ROAS vs SVI Comparison

Feature	ROAS	SVI (Layer 3 Switch)
Hardware required	Router + switch	Layer 3 switch only
Number of physical links	1 trunk	Internal (no physical inter-VLAN link)
Bandwidth bottleneck	Single physical link	None — routed in hardware
Throughput	Limited by trunk link speed	Line rate
Scalability	Poor (many VLANs = same bottleneck)	Good
Cost	Lower (reuses existing router)	Higher (L3 switch costs more than L2)
Typical use case	Small branch, lab	Enterprise, distribution layer

SVI is the preferred design for any environment where inter-VLAN throughput matters. ROAS is a useful lab exercise and is still viable for very small deployments with light inter-VLAN traffic.

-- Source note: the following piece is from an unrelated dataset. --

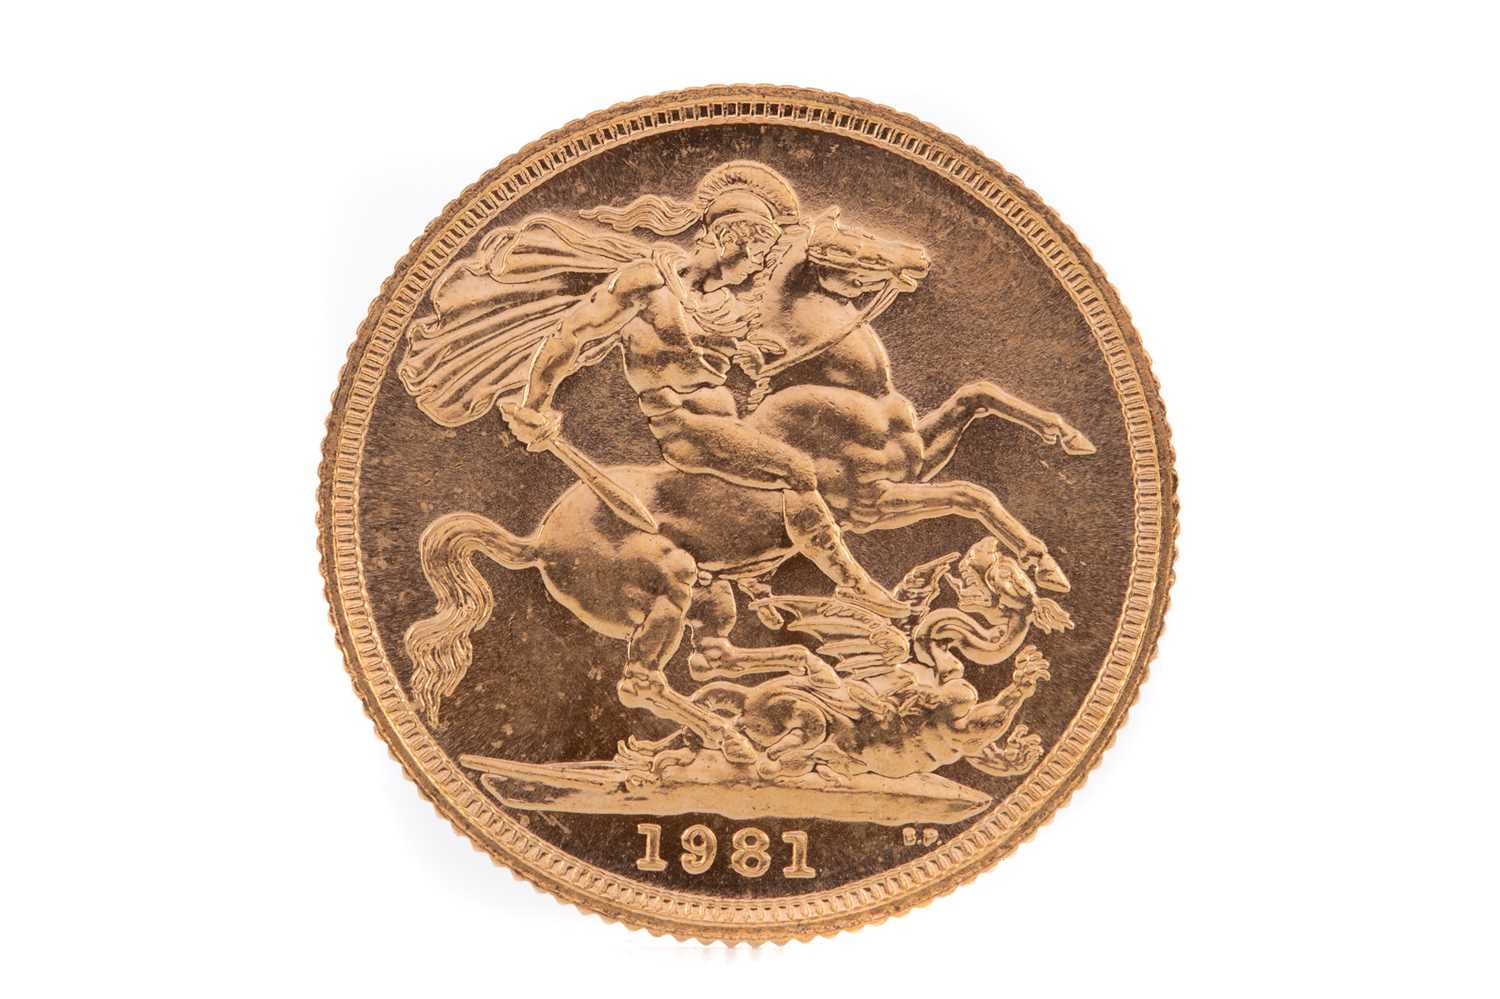 Lot 92 - AN ELIZABETH II GOLD SOVEREIGN DATED 1981

Troubleshooting Inter-VLAN Routing

SVI stays down/down

Check that the VLAN exists: show vlan brief — VLAN must be in active state
Check that at least one port in the VLAN is up/up: show interfaces status
Check that ip routing is enabled: show ip route — if you only see static/connected from management, routing may not be enabled

Hosts cannot reach the default gateway

Confirm the SVI or subinterface IP is up/up: show interfaces vlan 10
Confirm the host’s default gateway matches the SVI IP exactly
Check for an access port VLAN mismatch: show interfaces Fa0/1 switchport — access VLAN must match

ROAS — inter-VLAN traffic not forwarded

Verify trunk is up: show interfaces trunk — both VLANs must appear in “VLANs allowed and active”
Verify encapsulation dot1Q VLAN numbers match the switch VLAN IDs
Verify physical interface is up: no shutdown on the parent interface, not just subinterfaces
Confirm ip routing is on (if using a router, it is on by default; if routing was disabled, re-enable)

Quick Reference

Task	Command
Enable IP routing on L3 switch	`ip routing`
Create SVI	`interface vlan 10` then `ip address ...`
Check SVI status	`show interfaces vlan 10`
Convert port to routed	`no switchport`
ROAS subinterface	`encapsulation dot1Q 10` then `ip address`
ROAS native VLAN subinterface	`encapsulation dot1Q 99 native`
Verify routing table	`show ip route`
Verify ROAS mapping	`show vlans`